> _Input for this task_
⟨

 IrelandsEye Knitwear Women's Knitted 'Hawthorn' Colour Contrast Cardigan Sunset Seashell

⟩
⟨

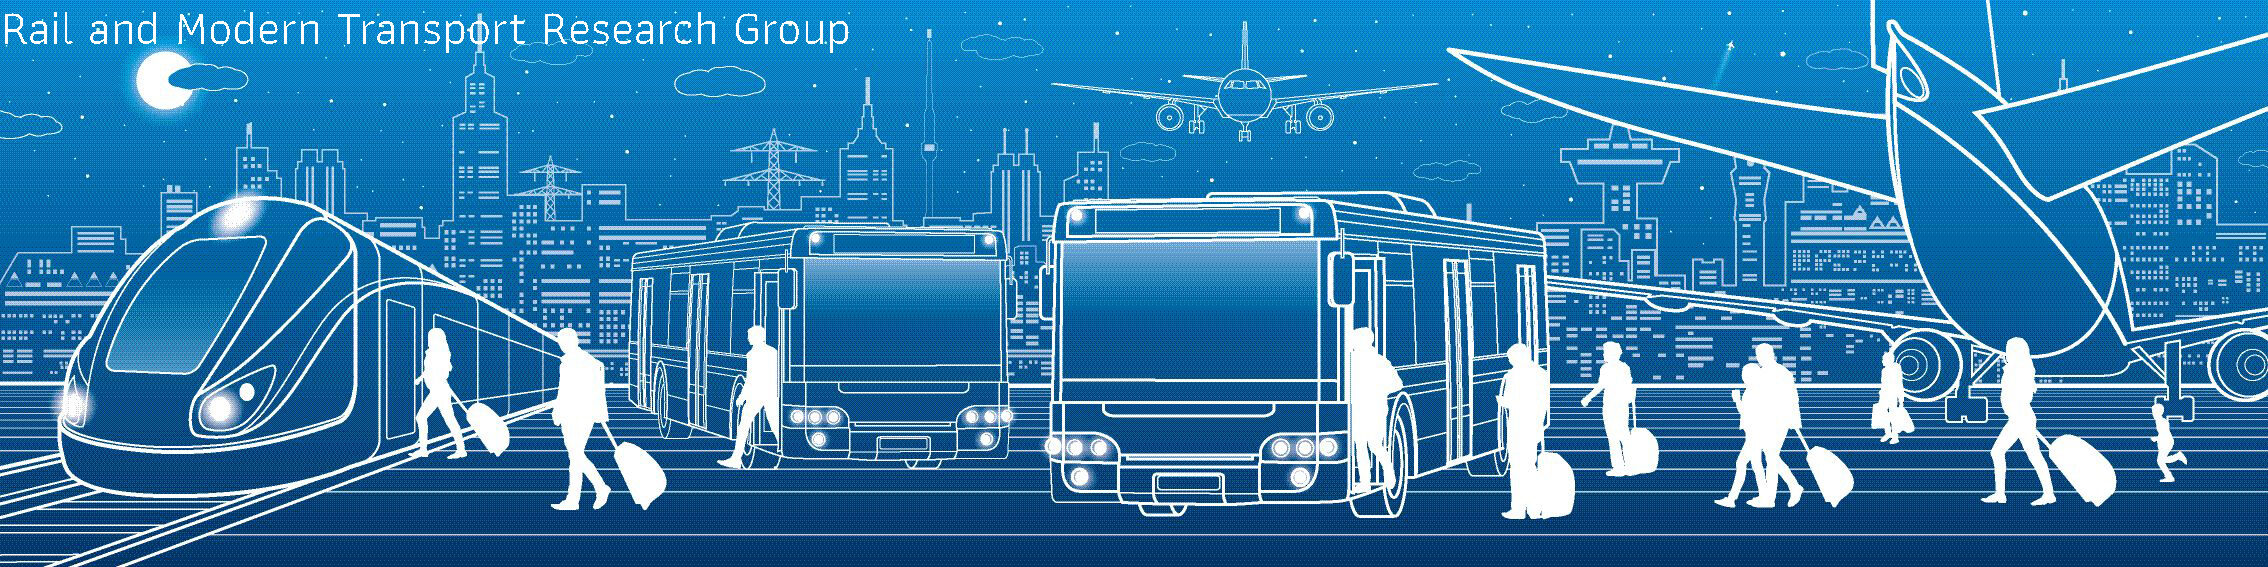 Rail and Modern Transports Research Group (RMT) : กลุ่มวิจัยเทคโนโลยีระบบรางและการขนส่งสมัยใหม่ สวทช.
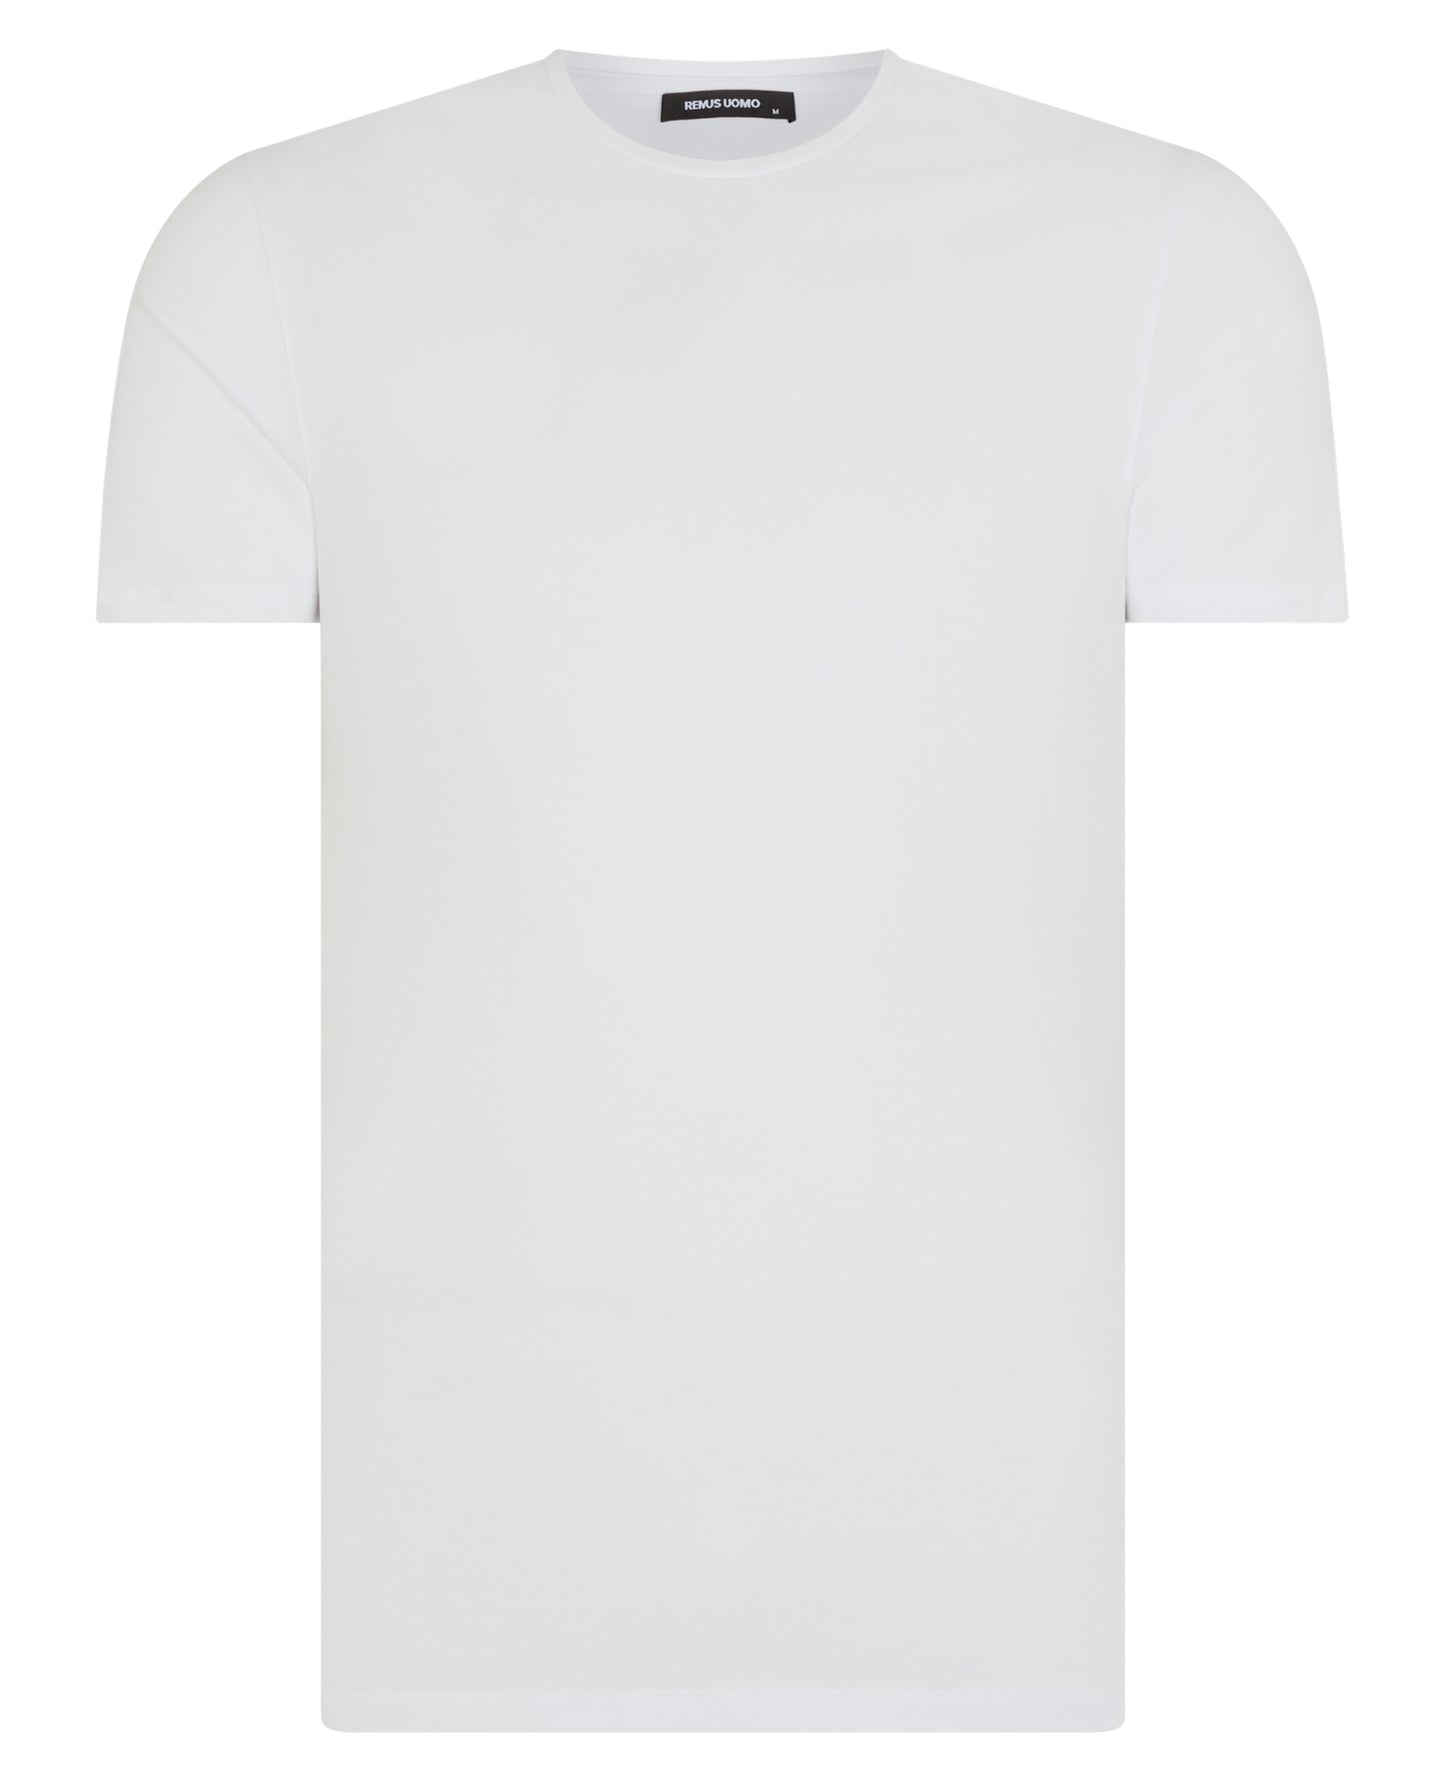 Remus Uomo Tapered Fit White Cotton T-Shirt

⟩
⟨

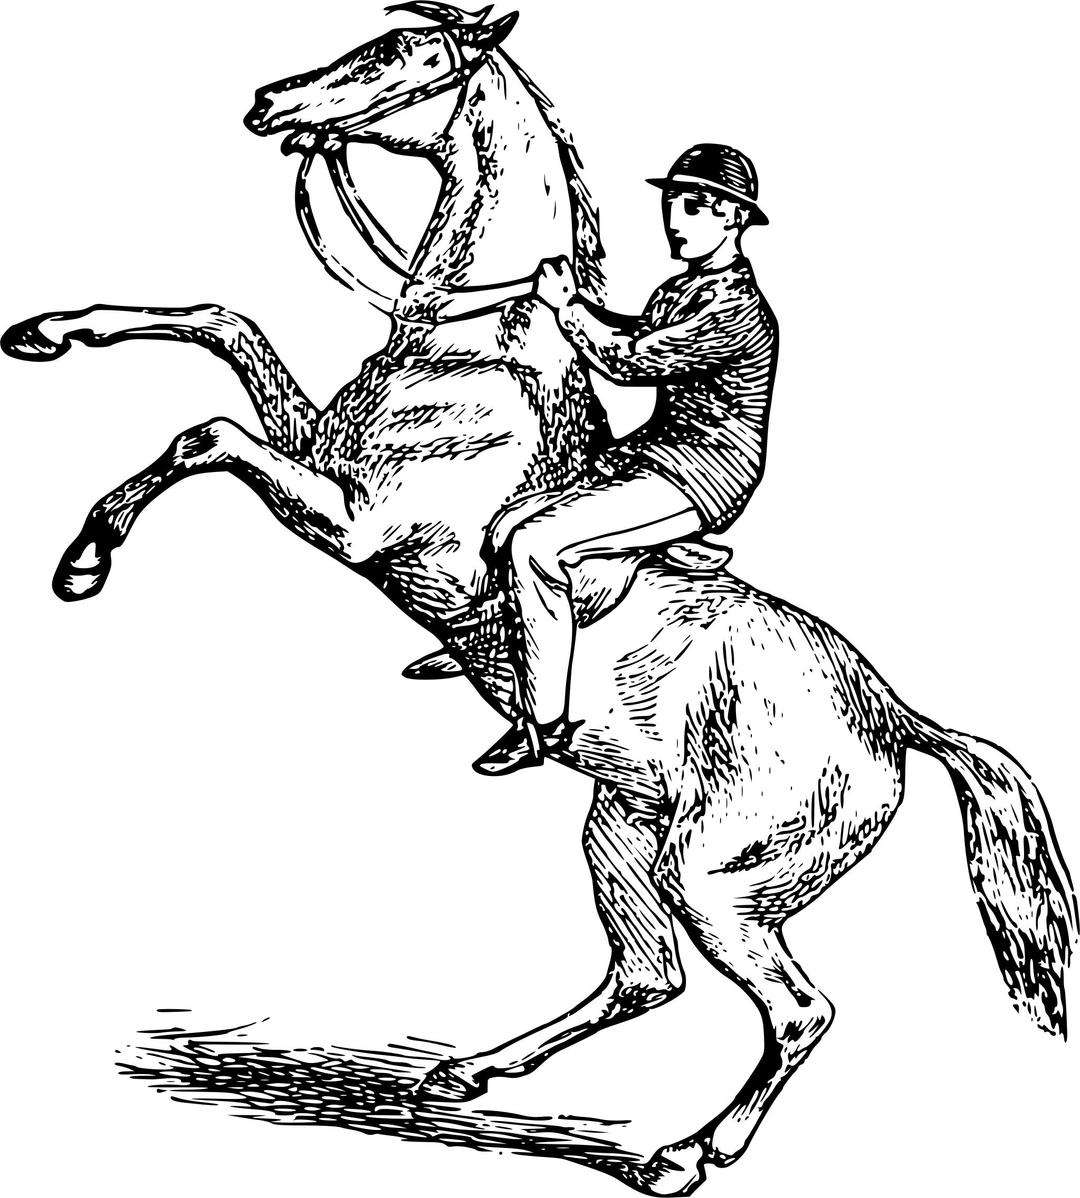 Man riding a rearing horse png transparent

⟩

> _Directions_
In the records above, find the line with "Rail and Modern". Print exactly from there through the line with "Remus Uomo Tapered Fit White Cotton T-Shirt", minus the pictures.

> _Task output_
 Rail and Modern Transports Research Group (RMT) : กลุ่มวิจัยเทคโนโลยีระบบรางและการขนส่งสมัยใหม่ สวทช.
 Remus Uomo Tapered Fit White Cotton T-Shirt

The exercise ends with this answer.